Without Tool Packs, tools are defined in two places:

  • Agent projects — the Dispatch Tool node declares tool schemas (name + params) but the actual handler code lives outside Loom
  • Server Graph projects — the Tool Definition node declares schemas and wires handler logic inline on the canvas

If the same tool appears in both an agent and a server graph, you maintain two copies. Change the schema in one place and forget the other — things break silently.

Tool Packs solve this by centralizing tool definitions. Define the tool once with its full visual implementation, then import it everywhere.

Creating a Tool Pack

  1. On the Dashboard, click New Project and select Weave AI → Tool Pack
  2. Name your pack (e.g. "Database Tools", "Search Utils")
  3. The editor opens with a Tools panel on the left sidebar

The Tools Panel

The Tools panel lists all tools in your pack. Each tool has:

Field Description
Name The tool name (snake_case, e.g. search_web)
Description What the tool does — this is sent to the LLM
Parameters Typed input parameters (name + type)

To add a tool:

  1. Click + Add at the top of the Tools panel
  2. A new tool appears with a default name — double-click to rename
  3. Click the tool to select it — the description and parameter fields appear below
  4. Set the description (sent to the LLM) and add parameters with + param
  5. The canvas automatically navigates to the selected tool's implementation graph

Each tool has its own graph canvas. The breadcrumb shows Pack Name → Tool Name so you always know which tool you're editing.

Wiring a Tool Implementation

When you navigate into a tool's graph, you'll see a Tool Entry node already placed. This is the entry point for the tool's handler — it reads the tool's name, description, and parameters from the Tools panel (not from node state).
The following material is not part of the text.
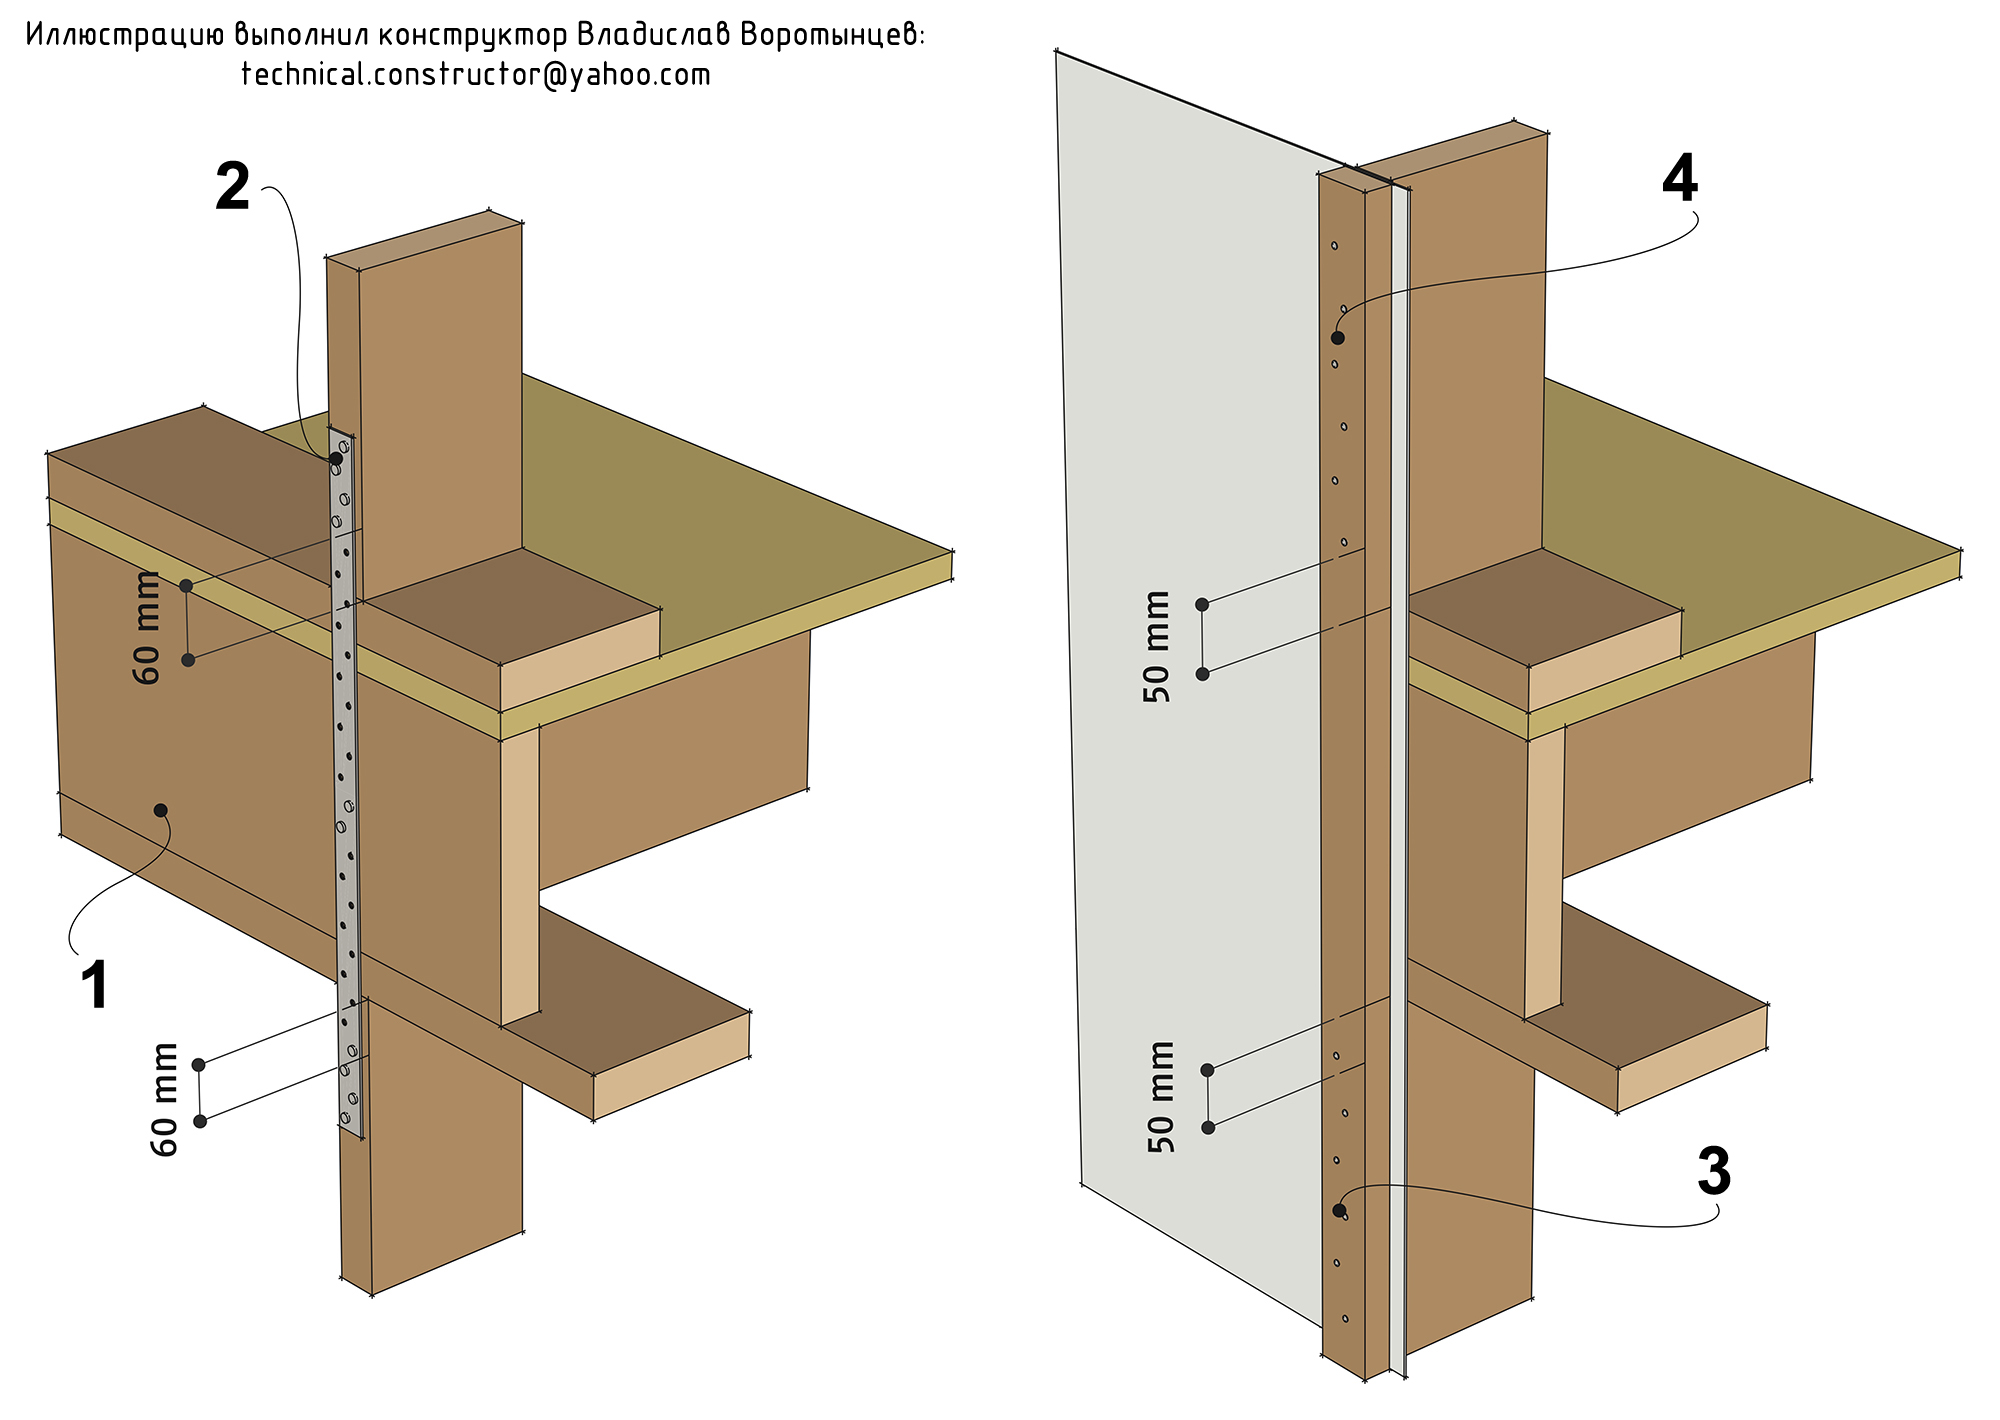 Рис. 9.36 Анкеровка деревянных каркасных стен к междуэтажному перекрытию с помощью стальных перфорированных лент и деревянных реек. Анкеровка деревянных каркасных стен к каркасу междуэтажного перекрытия

Wire your implementation between Tool Entry and Tool Return:

Tool Entry
  -> Get Tool Arg (extract parameters)
  -> ... your logic (HTTP requests, data transforms, agents, etc.)
  -> Tool Return (return the result)

For error cases, use Tool Error to return an error message instead:

Tool Entry
  -> Try/Catch
      |-- exec_try -> ... logic ... -> Tool Return
      |-- exec_catch -> Tool Error

All the same nodes available in Server Graph tool handlers are available here: flow control, data transforms, HTTP requests, file I/O, caching, and more.

Tool Entry Node

The Tool Entry node is auto-placed when you create a tool — you don't add it from the palette. It's the starting point of every tool implementation graph. The node is an entry node (exec out, no exec in) that provides a single data output:

  • input — The tool's parameters as an mcp.ToolInput object

Use Get Tool Arg downstream to extract individual parameters by name.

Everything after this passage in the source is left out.